Within a year Mrs T was PM (with the BNP (then National Front) bote, at its high water mark in the 1970s, flopping)... but she didn't actually fight the election on the issue to any material extent. However, those most concerned about the issue had heard what she said and taken note. Without using the word "swamped", I recommend similar tactics to Cameron. We saw in 2005 that however much it may delight some, in almost equal measure bellicose campaigning on immigration puts off others; and even most of those who agree are unlikely to switch their votes on the issue.

Incidentally, with everyone very happy with Cameron's performance over the last few days, I suspect that his satisfaction rating in the monthly poll, asnwered by most some days ago, will understate the present position.

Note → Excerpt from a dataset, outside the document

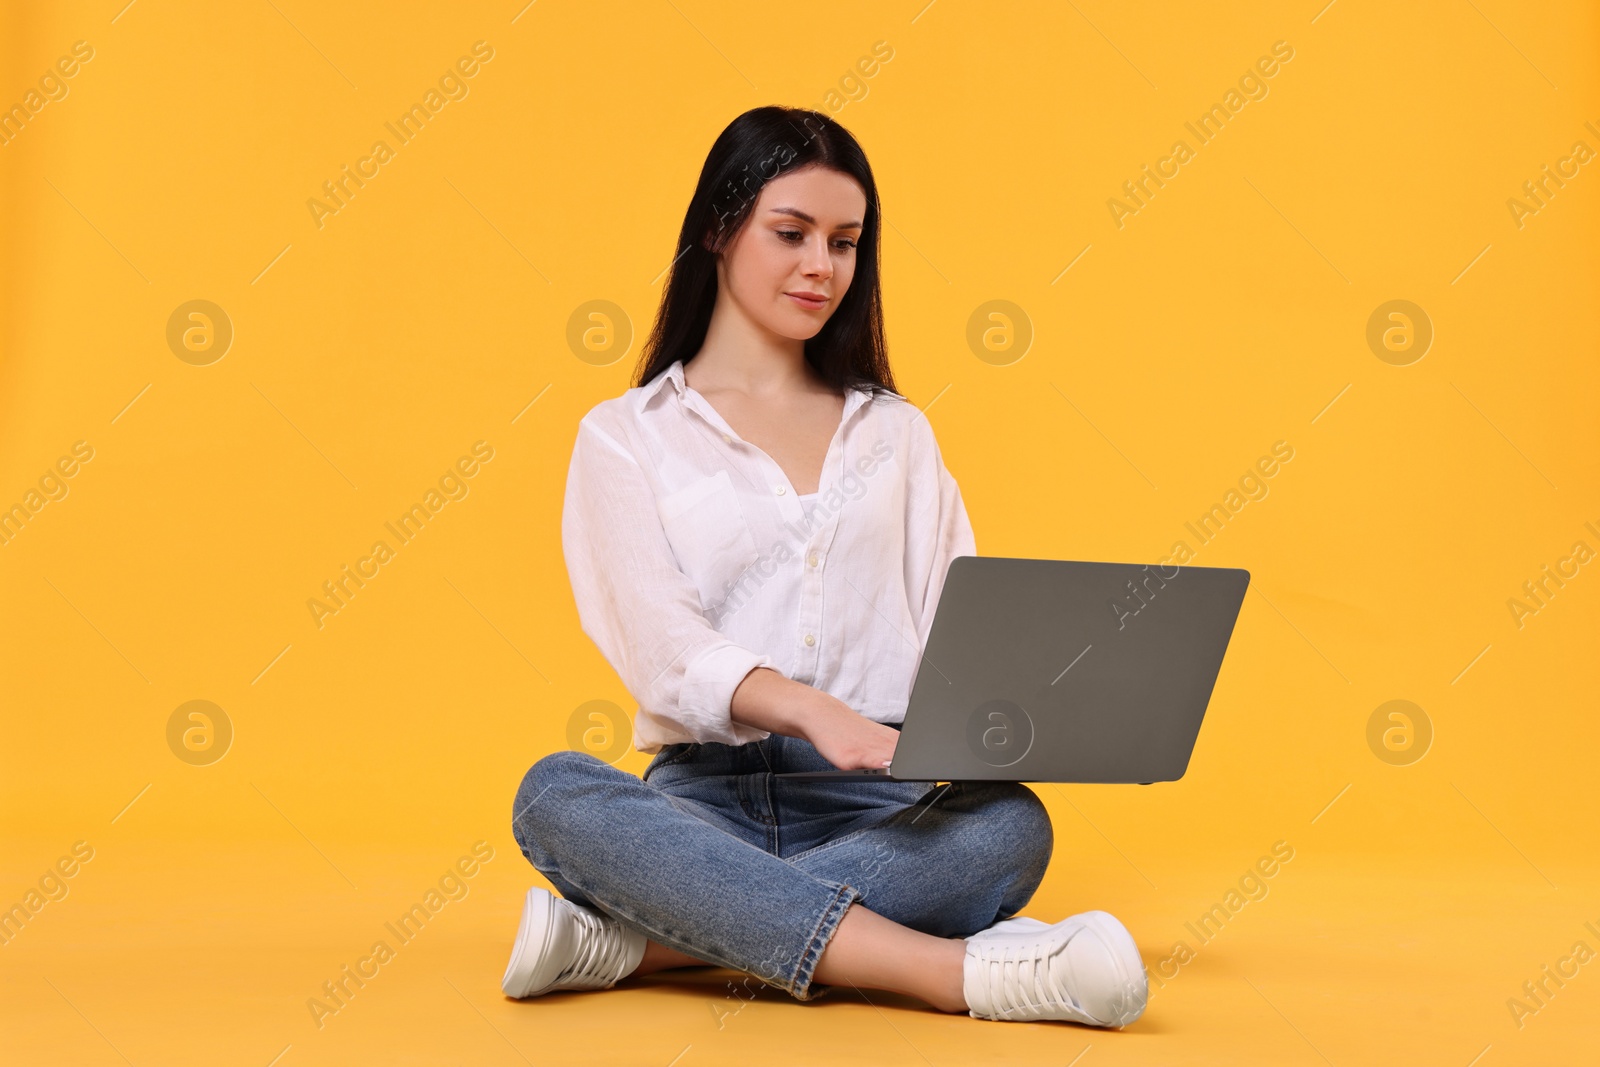 Photo of Student with laptop sitting on yellow background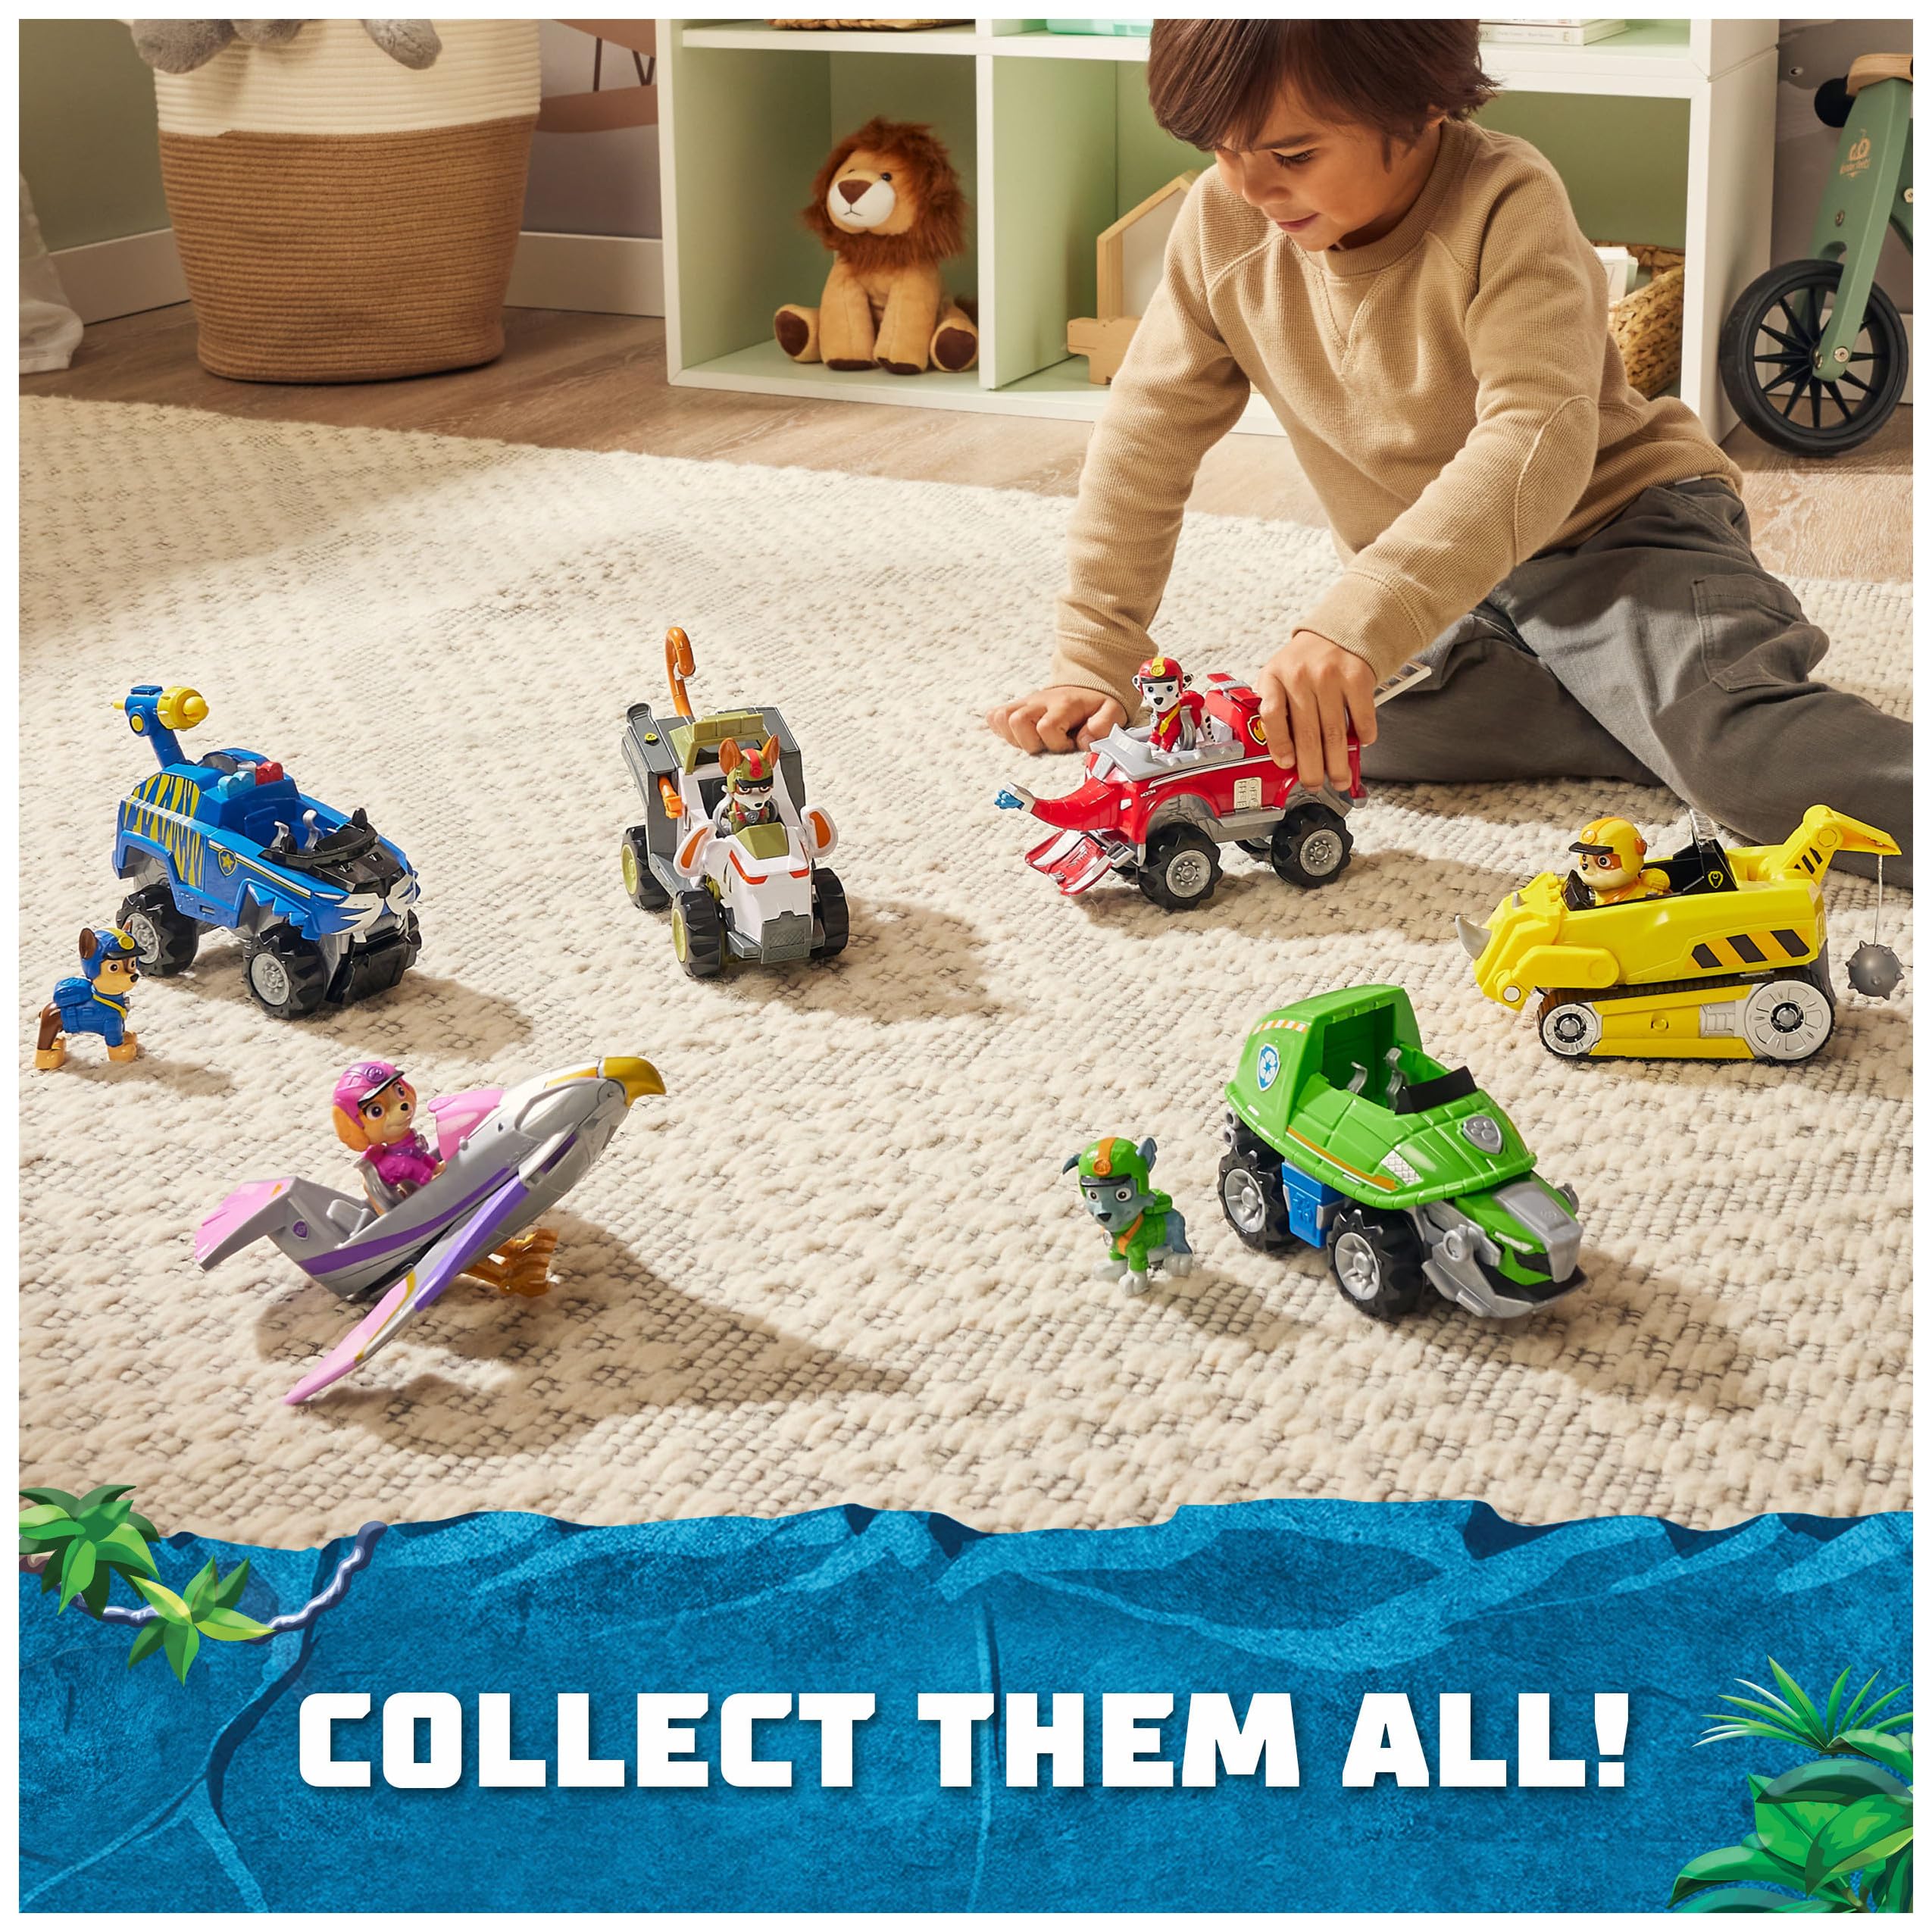 Paw Patrol Jungle Pups, Chase Tiger Vehicle, Toy Truck with Collectible Action Figure, Kids Toys for Boys & Girls Ages 3 and Up

The job of those 4 Newsnight journalists WAS to give David a hard time. (They should do the same to Brown. Whether they will or not is another matter). I WANT to see him tested and pushed and forced to make his case. I think it’s good for him and good for his future Prime Ministership.

So, Conservative activists out there – stop complaining about the BBC. If you are that bothered, make a formal complaint. Find a BBC journalist and argue with them about why we’re right. Go out and make your case to anyone you can find who watches the BBC. But don’t sit at home and complain on blogs. That’s not exactly taking responsibility – that’s waiting for someone else to step in and do it for you, which is not very Conservative.